Tanner saw the look on Thorne’s face as he continued the struggle to release his sandwich and decided to remind him anyway.
‘Dennis Nilsen was only caught because one of his neighbours called in a plumber when the drains started to smell.’
‘I know,’ Thorne said. ‘The only time in history an extortionate call-out charge turned out to be worth it.’
‘Son of Sam was caught because a woman spotted a man hanging around in the middle of the night, near a place where the police had been handing out parking tickets.’
Thorne sighed in satisfaction, having finally managed to get his sandwich out.
He brandished it at Tanner. ‘I know what you’re saying, I know any snippet could turn out to be vital, but even so .
. . if the man we’re after turns out to be the owner of a distinctive-looking Schnauzer, I’ll give you a hundred pounds. ’
There was no let-up for the rest of the day, as people who had only just seen the e-fit in their newspapers or on the afternoon news called in with information. The time didn’t pass quite as quickly as it had in the morning, but Thorne kept his head down and did what was required of him.

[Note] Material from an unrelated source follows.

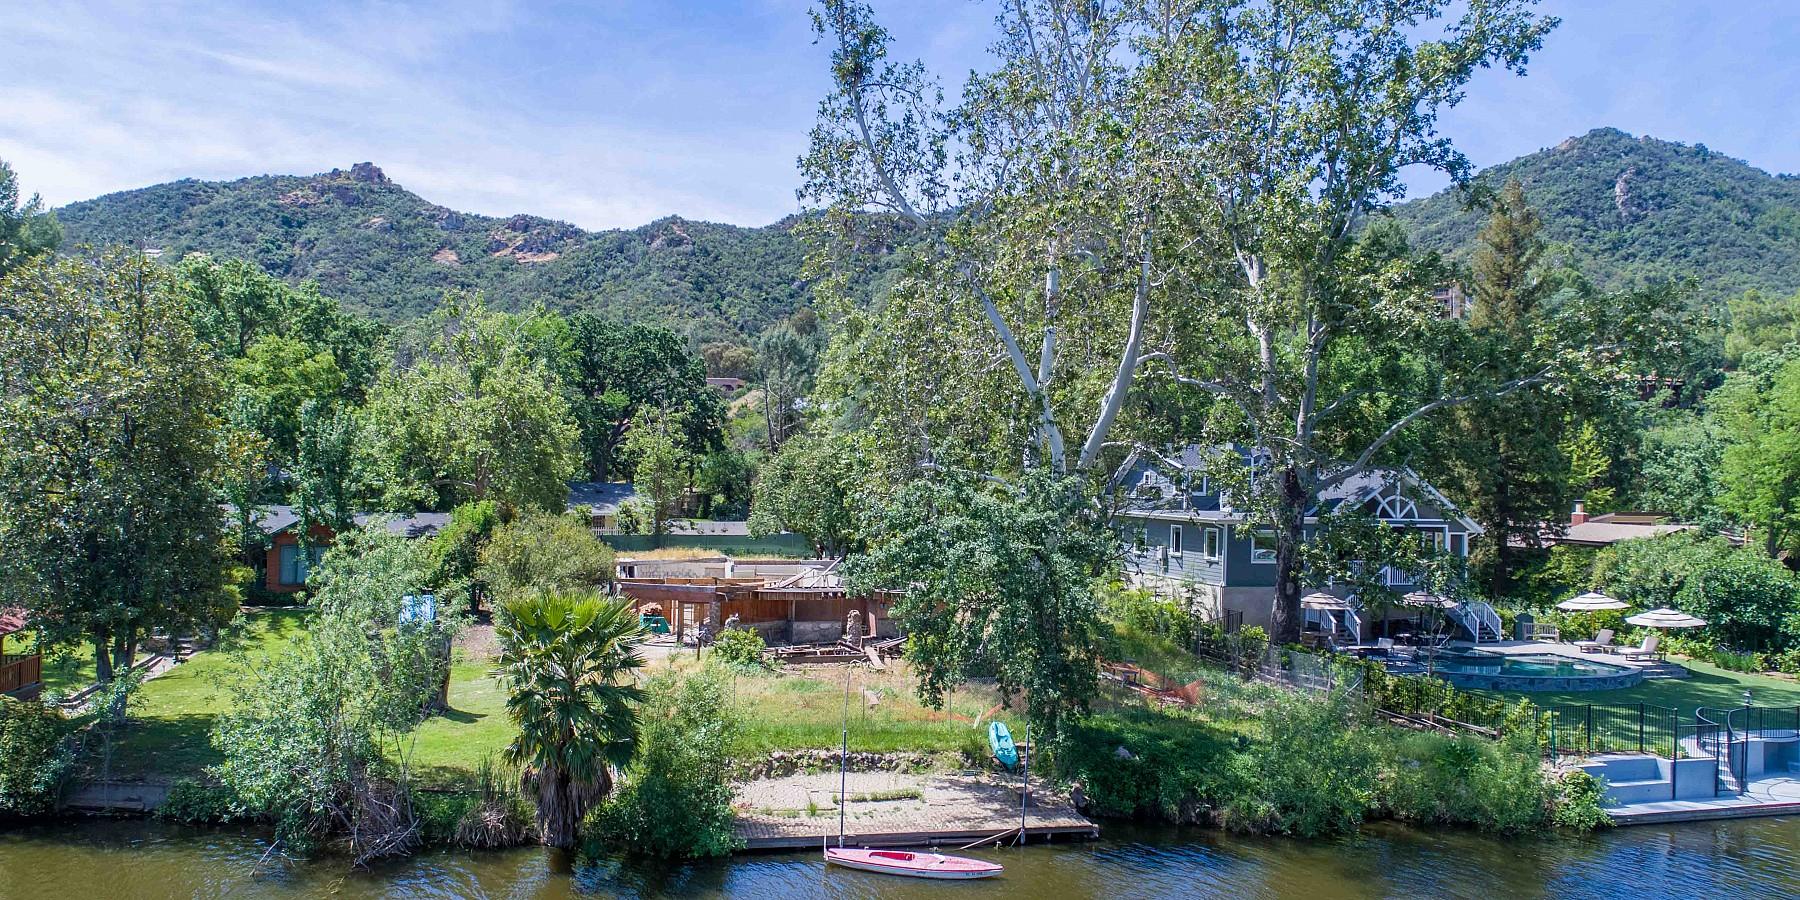 29225 South Lakeshore Drive, Malibou Lake, CA 91301

He understood why Brigstocke’s optimism had been so cautious.
Without some kind of break, via the conversations with Emily Mead or as a result of information provided by the public, they had nothing.

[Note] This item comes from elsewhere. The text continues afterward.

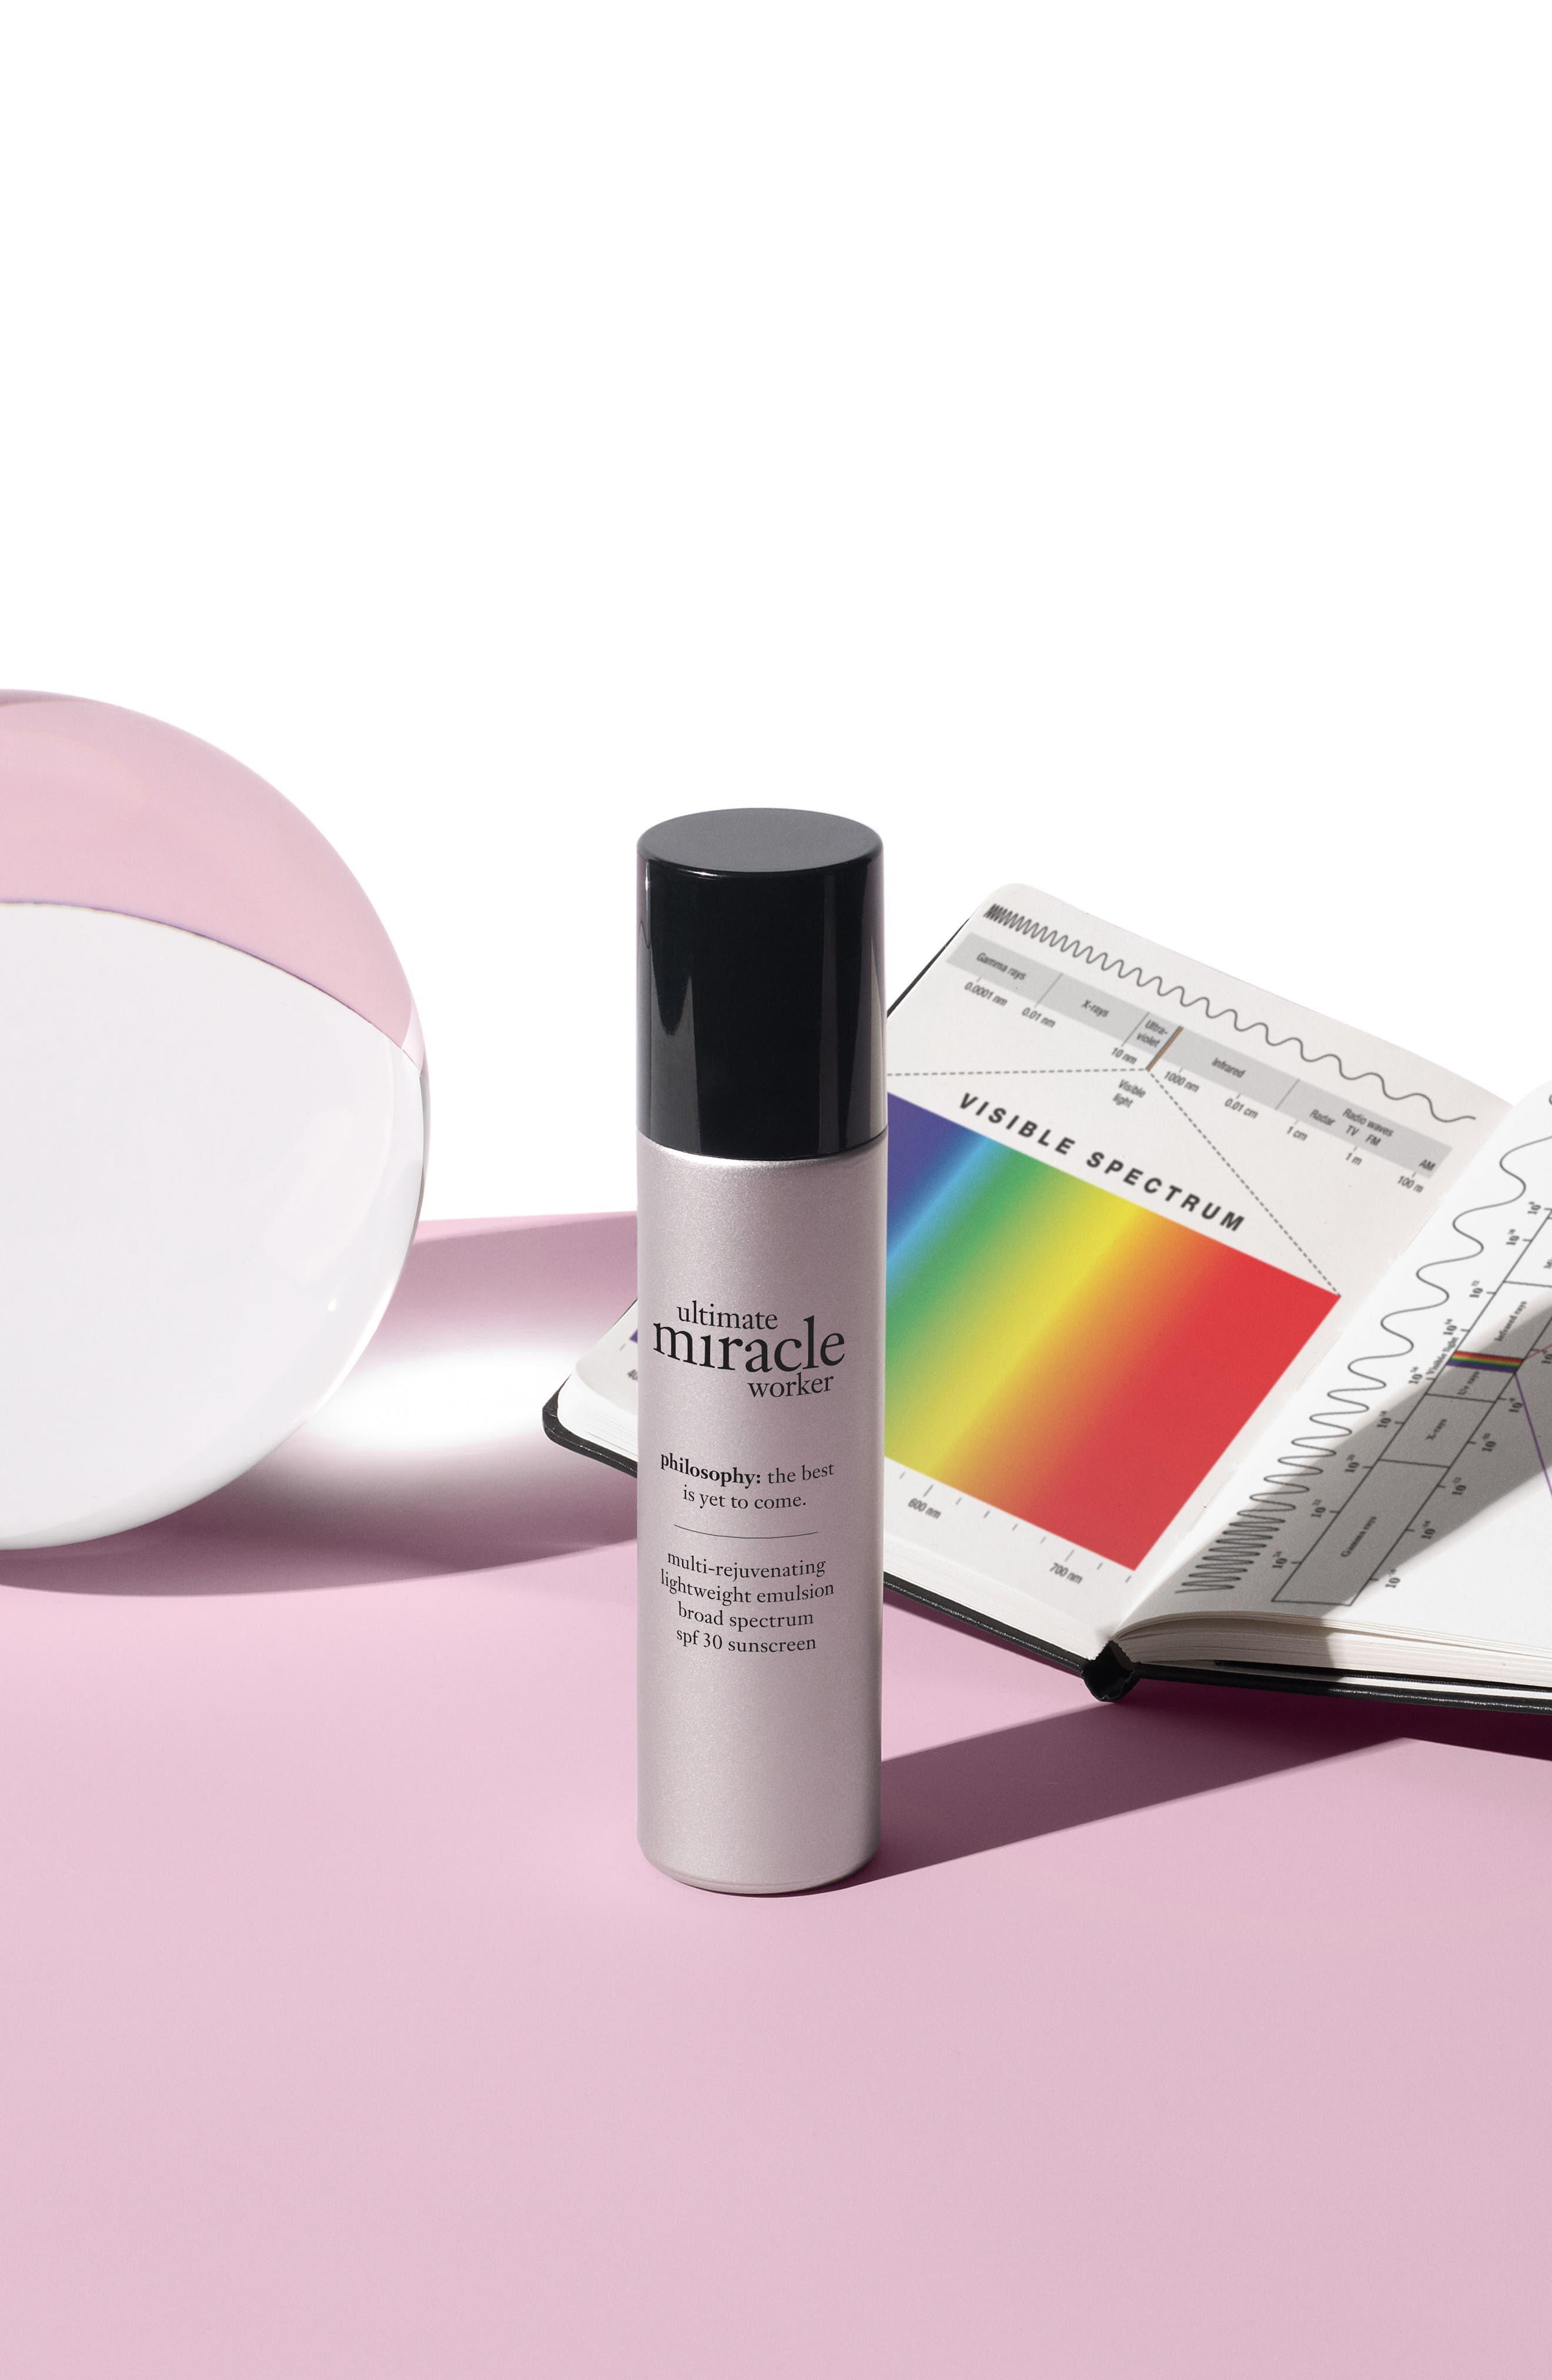 'ultimate miracle worker' multi-rejuvenating lightweight emulsion broad spectrum SPF 30 sunscreen,                             Alternate thumbnail 3, color,                             000

They had a reasonable description of the killer, they knew his online alias and – if those prints lifted from the park turned out to be his – they knew what size boot he wore.
It was nowhere near enough.
It was not evidence.
So Thorne saw out the day with as much hope and enthusiasm as he could muster, thinking about Catherine Holloway, Asim Hussain and Kazia Bobak.
About the ex-copper run down in Stoke Newington who, until he learned otherwise, was another innocent victim of the man Thorne wanted to catch as badly as any killer he had ever hunted.
Preventing all offences against people .
That was part of the oath he had sworn many years before.
All that said, Thorne was still thinking about home – about beer and bed – when Dave Holland came marching across the room, clutching a sheet of paper as if it was a winning lottery ticket.
‘Who’s a clever boy, then?’
‘What?’
Tanner was moving across to join them as Holland slapped the piece of paper down in front of Thorne and pointed to the key information. ‘Those fag ends you thought we should collect from Hendon Park? They ran all the DNA and we got a hit.’
‘Right.’ Thorne was trying not to get over-excited.
The cigarette end that had provided the DNA match could just as easily have been discarded by someone who’d been nicked for drink driving or once been done for shoplifting.
Then he looked at Tanner, who had already read the first few lines of the report and begun to grin.
‘A big, fat, fucking hit,’ Holland said.